Many insurers offer Full Prior Acts coverage after three years of continued coverage. Full Prior Acts takes away the retroactive date provision of the policy, covering all work regardless of when it was performed. Since most lawsuits are filed within three years of the job completion, it follows that the insurer has a limited exposure to claims after three years of writing the policy. An insurer specializing in design professionals and land surveyors is more likely to offer the most favorable treatment of the retroactive date. The retroactive date on the insurance policy impacts the premiums paid. If there is a mistake on the retroactive date, correcting that mistake will result in a premium change, too.

In Court

Defense costs including attorney fees, bail bonds and other court costs are typically covered under a professional liability policy, though coverage is different. If you purchase a policy in which defense costs are included within the limit, you are subject to a decreasing limit of liability available to pay claims. The limit of liability will be decreased by the amount paid by the insurance company to defend a claim on your behalf. This can be unsettling when the land surveyor is sued for full policy limits. For example a $1,000,000 limit policy may have a $1,000,000 claim pending against it. On average it takes three years to finalize a lawsuit. An insurance company may pay $200,000 in defense costs over that period, which would be deducted from the limit of liability. This decreases the limit available to pay claims and further defense costs to $800,000. Remember, the insurance company’s obligation to you ceases once the limit of liability is exhausted either by defense costs or payouts to third parties. The insurance company in the example above would only be responsible to defend you up to the $800,000 limit remaining.

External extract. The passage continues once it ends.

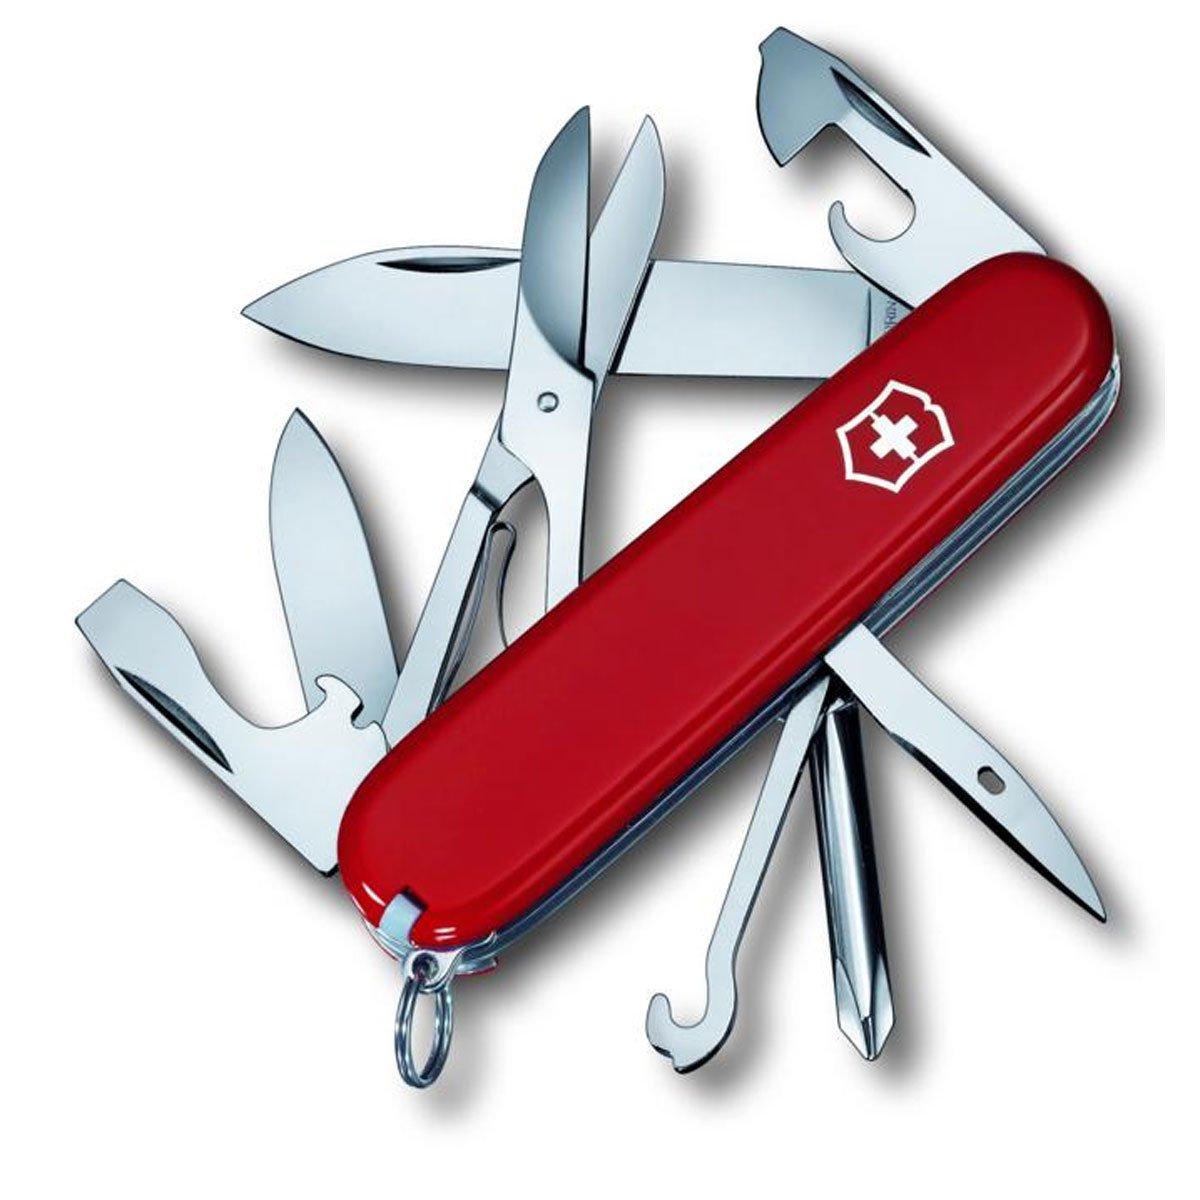 Swiss Army Knife Clip Art Victorinox super tinker swiss

Alternatively, defense outside the limit can be more favorable. Some companies may offer defense cost coverage outside the limit up to a certain dollar amount. In other words, the defense costs would carry a separate limit, which would not impact the amount available to pay a claim. Another option (the most favorable treatment) would be defense costs outside the limit of liability. Using the previous example, the $1,000,000 policy with $1,000,000 claim and $200,000 in defense costs accrued, the limit of liability would remain at $1,000,000 to pay a claim to a third party. Regardless of what is paid by the insurer for defense costs, a defense outside the limit provision will not impact the limit of liability available to pay a claim. The Fireman’s Fund program offers this option in its coverage.

Deductibles

Deductibles can apply to defense costs (attorney fees and other court costs). In this case, you will be asked to pay the deductible towards the first dollars of defense in a claim. Some insurance companies will reimburse a portion of your deductible if the claim is settled finding no negligence on your part and when no payment is made to the claimant.

Another option is First Dollar Defense, in which the insurance company pays the first dollars of defense (you would not pay your deductible towards defense costs). If a payment is not made to a third party as a result of a claim against you, then you would not be asked to contribute your deductible at all. This is the most beneficial treatment of the deductible.